Una singola nave, un lago ghiacciato per metà dell’anno, due marinai che sopravanzano le cinque dita di una singola mano. Soltanto quello corrispondente al pollice, che sa nuotare. Ovvero Batbayan, l’uomo che dichiara in discorsivo sottotitolo: “Vorrei un giorno riuscire a vedere il vero mare.” Perché: “Le acque dell’Hôvsgôl Nuur sono fredde e inospitali.” E conclude la comparazione: “Mentre il vasto Oceano…Io me lo immagino caldo, sereno ed accogliente.” Ehm, più o meno… Chi siamo noi per contraddire, dopo tutto, la singola risorsa umana più importante di un’intera forza nazionale, responsabile di innumerevoli salvataggi dei colleghi più distratti negli anni, ciascuno a sua volta costituente, se vogliamo, un settimo della Mongolia per mare. Dotata di… Un supporto a terra per gli aerei? Una nave da battaglia. Un trasporto per le truppe. Tutti ruoli, rigorosamente potenziali, rivestiti dalla loro poderosa Sukhbaatar III, un vascello di rifornimento d’epoca sovietica, a suo tempo orgogliosamente iscritto nei registri del governo locale come prima rappresentante di una lunga serie di navi sorelle, che in ultima analisi non ebbero mai occasione di concretizzarsi. E che oggi continua la sua antica missione, parzialmente dimenticata.

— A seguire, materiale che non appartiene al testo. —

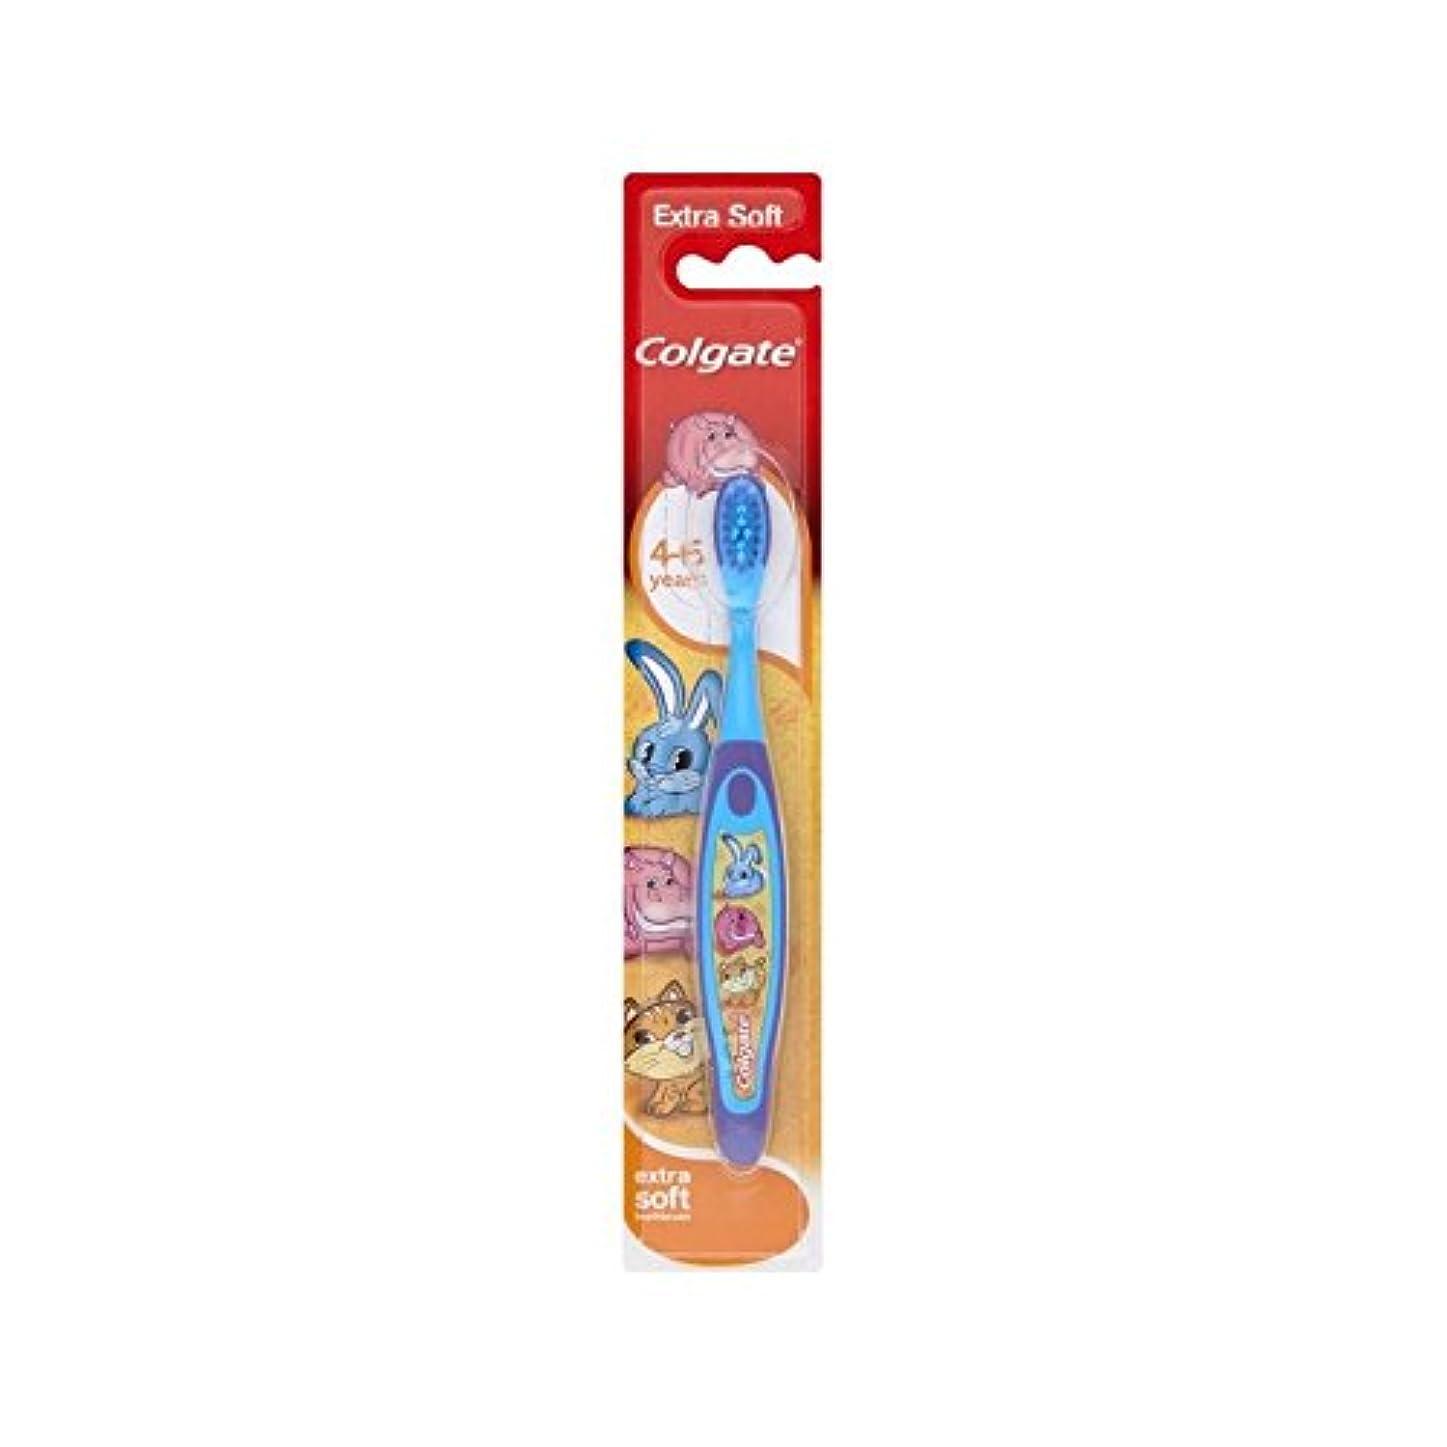 定説新しさ読み書きのできない4-6歳の歯ブラシを笑顔 (Colgate) - Colgate Smiles 4-6 Years Old Toothbrush [並行輸入品]

Si potrebbe definire l’insieme delle forze militari di un paese come una piramide invertita di colore verde oliva, in cui più si sale, maggiore diventa la quantità di uomini al comando di un solo ufficiale: squadra, sezione, plotone. Seguiti da: Compagnia, battaglione, reggimento. E poi brigata, divisione, corpo d’armata… Finché non si scorge sopra a tutto il resto, come un vessillo identificativo d’eccezione, quel termine mirato a definire tutti gli altri: l’Arma. L’Esercito Italiano, ad esempio, ne possiede tre: terrestra, navale ed aeronautica. Negli Stati Uniti d’America, a queste si aggiungono la guardia costiera e i marines. Ma detta stratificata suddivisione va ben oltre una semplice attribuzione delle responsabilità, giungendo a regolare anche la logistica in tempi di guerra, determinando chi debba ricevere i rifornimenti, quando, come e perché. Un sistema certamente antico, che in molti sarebbero più che mai pronti a far risalire fino ai tempi dell’esercito romano, per il semplice fatto che chi altro, prima o dopo di allora, poté mai vantare un simile curriculum di conquiste, guadagnate presso i campi di battaglia dell’intero mondo conosciuto? L’unica risposta possibile, nonché del tutto ovvia: loro, gli arcieri a cavallo d’innumerevoli tribù, instradati ad una singola missione dall’eternamente celebrato Gengis Khan. Indubbiamente uno dei maggiori capi dell’intera vicenda storica umana, almeno fino alla prime propaggini della modernità. Che seppe sfruttare, con il massimo profitto, un sistema per certi versi primordiale, eppure chiaramente efficiente, almeno quanto le coorti e le legioni di coloro che erano venuti prima: l’orda, singola e indivisibile, semplice, diretta, numericamente priva di limitazioni. Ovvero uno stuolo d’armigeri, che poteva raggiungere il milione di unità, nei periodi delle grandi migrazioni, come altrettanto facilmente suddividersi in innumerevoli gruppi e clan familiari, ciascuno totalmente in grado di sopravvivere per proprio conto. Ciò perché quando un’armata non ha frazionamenti numerici a condizionarla, tenderà naturalmente a contare sul suo naturale spirito di coesione. Ed è così che appena sette uomini, riescono a formare una Marina.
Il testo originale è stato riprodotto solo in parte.